Архитектор, разумеется, ничего обо мне не знал. Его задачей было создать систему. Может быть, сьер В. К. сказал, что строит дом для своей любовницы и хочет быть уверен, что плутовка ему верна. Так и виделось, как старый мерзавец подмигивает холёному мажисьеру, а тот брезгливо морщит губы, спрашивая себя, почему он, аристократ, должен обслуживать презренного плебея…

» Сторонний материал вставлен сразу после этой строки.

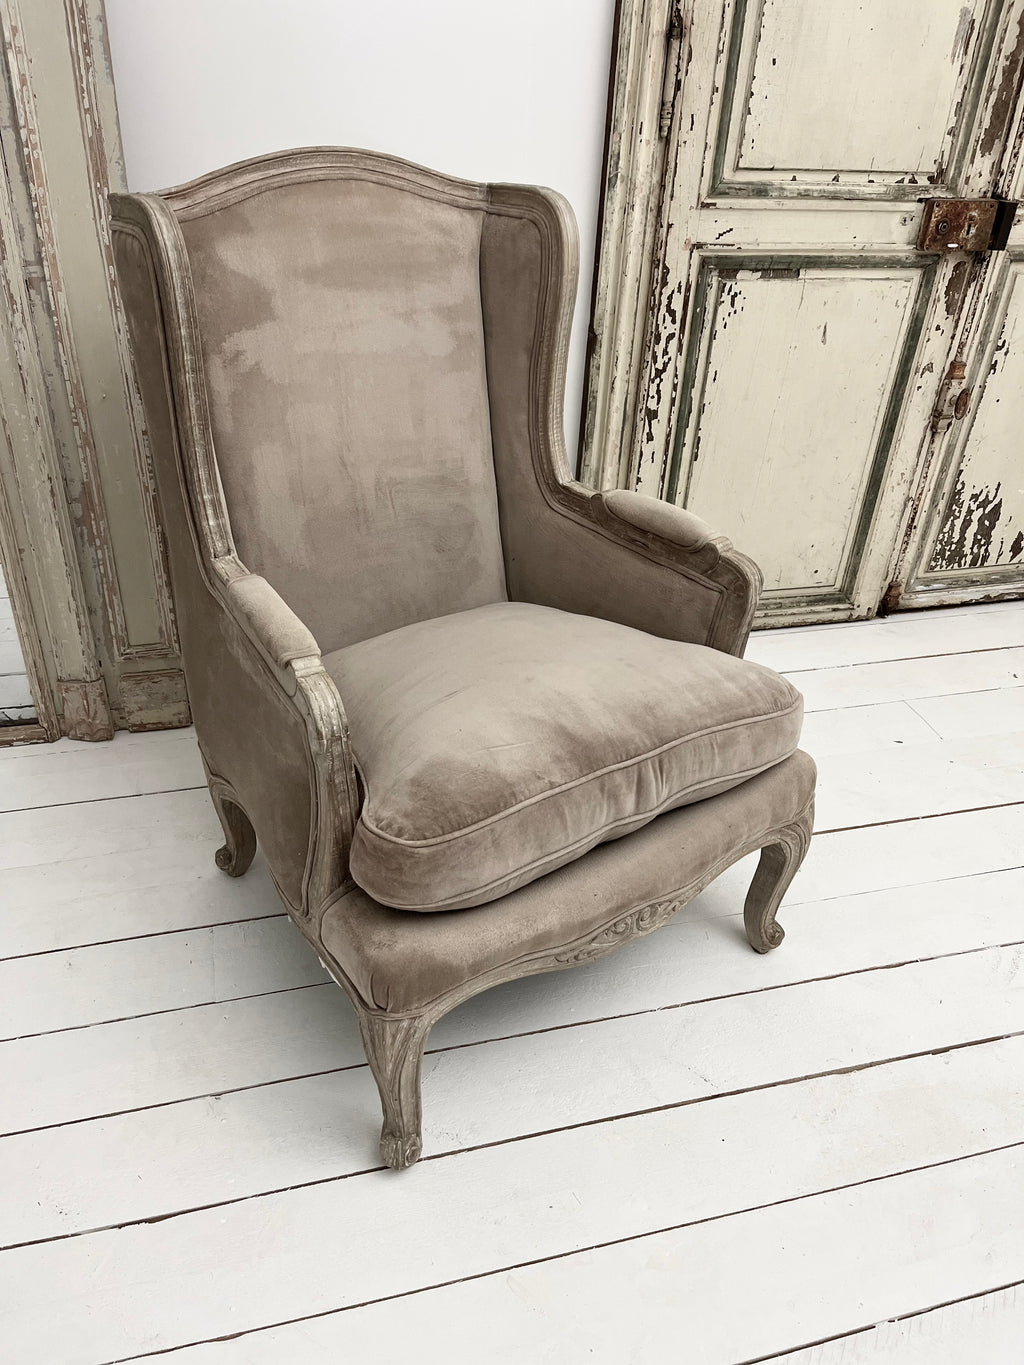 Armchair made by Cox & Cox

Гипотеза мне не нравилась – слишком мудрёно, дорого и зловеще, ум всё время искал более простое объяснение. И нашёл Фалько. Пусть он говорил о своей непричастности. Он много о чём говорил. Но полиция в курсе, что Войли съехали пять лет назад и не подавали о себе вестей, значит, поджидать меня в доме родителей бессмысленно. Фалько мог выяснить это в момент. Или уже всё знал. И никуда не ездил, просто морочил мне голову.

Записки из ниоткуда, открытки, уходившие по одному адресу, а попадавшие по другому, чудесная маскировка, почти всемогущий телохранитель… Если собрать вместе все странности, которые творились со мной и вокруг меня, напрашивался вывод: за всем этим стоит кто-то очень могущественный.

Но кто, кроме Магистериума, обладает такими силами и ресурсами? Оборотни? Фалько один из них, пора назвать вещи своими именами. Оборотни создали склад высоко в горах, запаслись оружием. Оборотни напали на меня у Карассисов…

Дальше логика отказывала. К чему бы они ни готовились, что бы ни замышляли, непонятно, причём здесь я. А главное, никто не слышал, чтобы оборотни владели магнетизмом.

Значит, всё-таки Магистериум? Но если я нужна мажисьерам – духи земли знают, зачем – с какой стати Карассисы вились вокруг меня, словно лисы вокруг курятника? Они могли просто прийти и взять своё.

От тяжёлых раздумий разболелась голова. Я приняла ванну и легла в постель. Меня предали все, кому я верила. Все, кого любила. И рядом не было братьев, готовых отдать за меня жизнь.

Глава 23. Магистериум

В газетах появились планы реконструкции Носсуа. Полный снос старых кварталов, современные доходные дома с автоматическими столовыми и прачечными, модные бутики, рестораны, кабаре, парк аттракционов и сквер для прогулок. Изюминками преображённой окраины должны были стать первый в мире электротеатр для показа объёмных синематографических картин и самый большой универсальный магазин. Обещали новые рабочие места, подземную стоянку для мобилей и уникальную службу доставки товаров силами наземных и летающих автоматонов.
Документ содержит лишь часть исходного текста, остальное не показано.